"We only do the operation in kids that have a BMI [body mass index, a measurement of obesity] over 40, rarely over 35 with a serious comorbidity," Wulkan said, explaining that a comorbidity is a complication of obesity such as high blood pressure or diabetes.
"One of the reasons we do this in kids is there's growing evidence that the earlier you intervene, the more successful you'll be at decreasing those comorbidities and preventing them," he said. "It's much easier to take a kid who has pre-diabetes or very early diabetes and reverse it with bariatric surgery than it is to take an adult who's had it for 10 or 20 years and then try to reverse it."
Dr. John Morton, director of Bariatric Surgery at California's Stanford School of Medicine, has performed 2,000 laparoscopic banding procedures in adults, 50 of which he said were in young adults. He described the difference this surgery has made in the lives of those he has treated as "a huge deal."
"People often say that [surgery's] the easy way out," Morton said. "In fact, it's the hard way in. All these kids have been at it for almost a decade before they come to us. They've all tried to lose weight. They all want to lose the weight, none of them want to be that way."
But benefits are only one side of the issue. Wulkan said the benefits of the procedure must be balanced against the possible long-term consequences for young patients who will be living with these results for decades longer than their adult counterparts.
"The biggest risk is that it's got to last a lifetime; the procedure that you do has got to be something that's going to serve this child all the way through adulthood and hopefully old age," Wulkan said. "So the potential for complications along the way are greater."
Dr. D. Wayne Overby, assistant professor of Surgery at the University of North Carolina School of Medicine in Chapel Hill, said the laparoscopic banding procedures may indeed be a solution for some young patients for whom other methods of weight control have not worked. But he, too, noted that more must be known about the effects of this procedure in younger patients.
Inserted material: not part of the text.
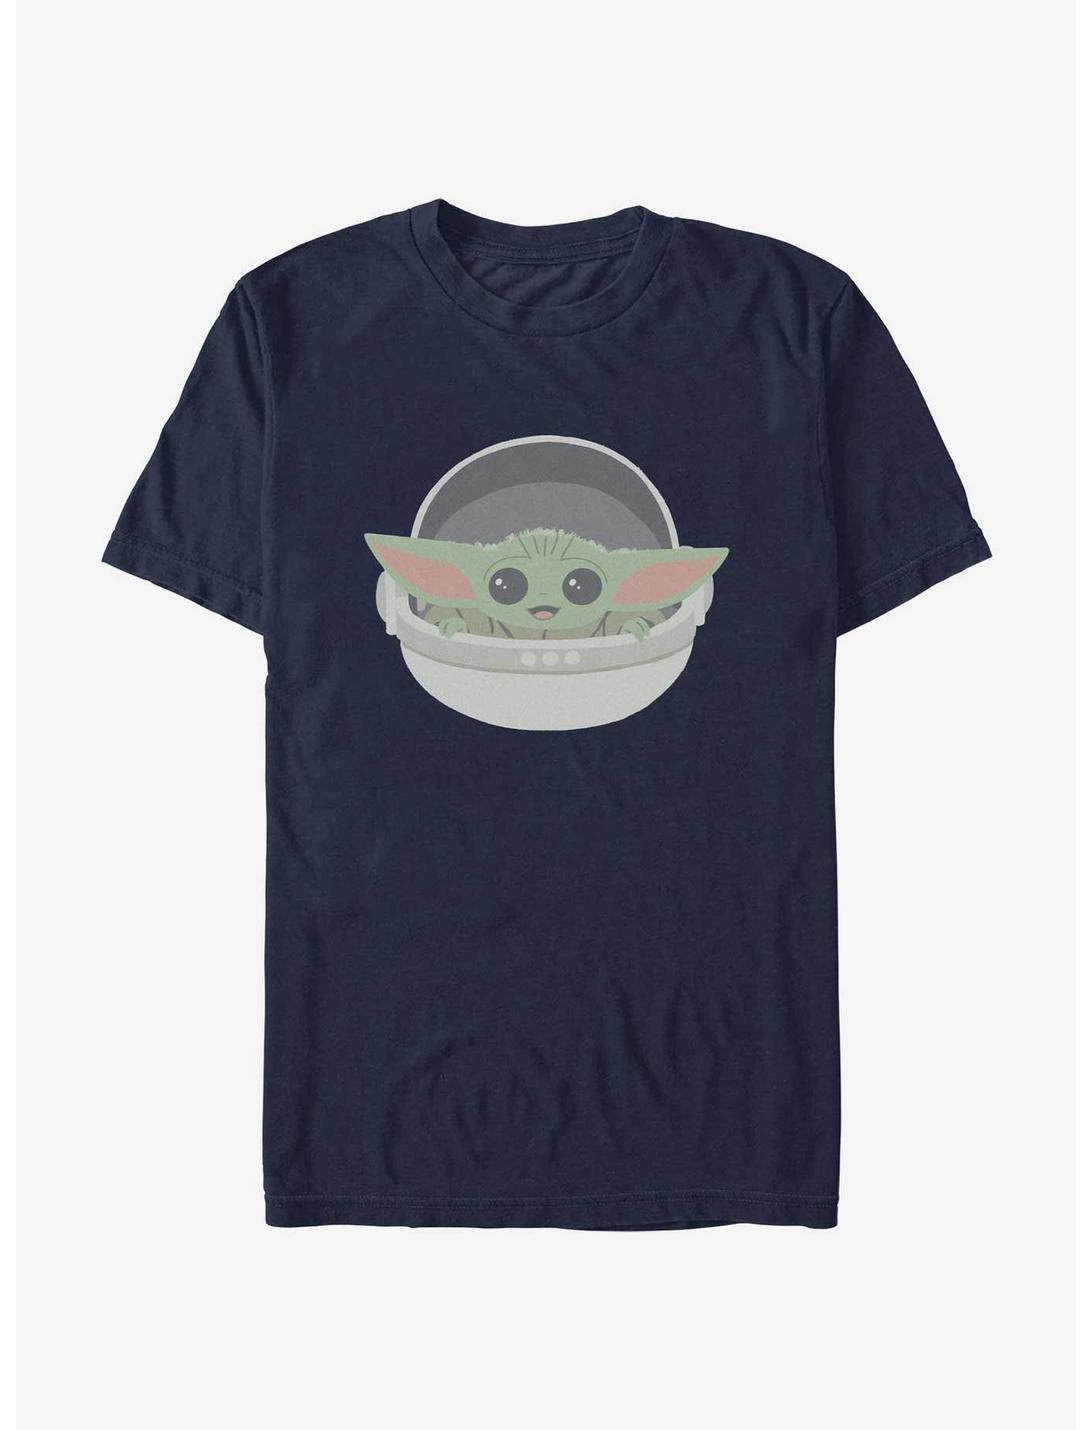 Star Wars The Mandalorian Grogu Cute T-Shirt, NAVY, hi-res

"Further studies need to be done to more exactly define the indications for surgery, which patients are the most appropriate candidates, as well as which procedures best balance risks and benefits," Overby said.
Potential side effects of the surgery aside, experts in adolescent obesity said the most worrying aspect of the research involves its implications for the increase of weight problems in the young.
"I find the trend documented in this paper to be terribly troubling," said Russell Pate, associate dean for research at the University of South Carolina in Columbia. "Of course, it is very sad that there are significant numbers of adolescents who are considered to be candidates for bariatric surgery. Beyond that, I am not all convinced that we are doing the research that will be needed to determine to which patients this procedure should be administered.
"There are no good treatments for established, severe obesity. In my view, prevention is the only approach that makes sense."
Yet, some patients who have undergone bariatric surgery say these procedures have served as a bridge to this healthier lifestyle -- an approach that surgeons who perform these operations support.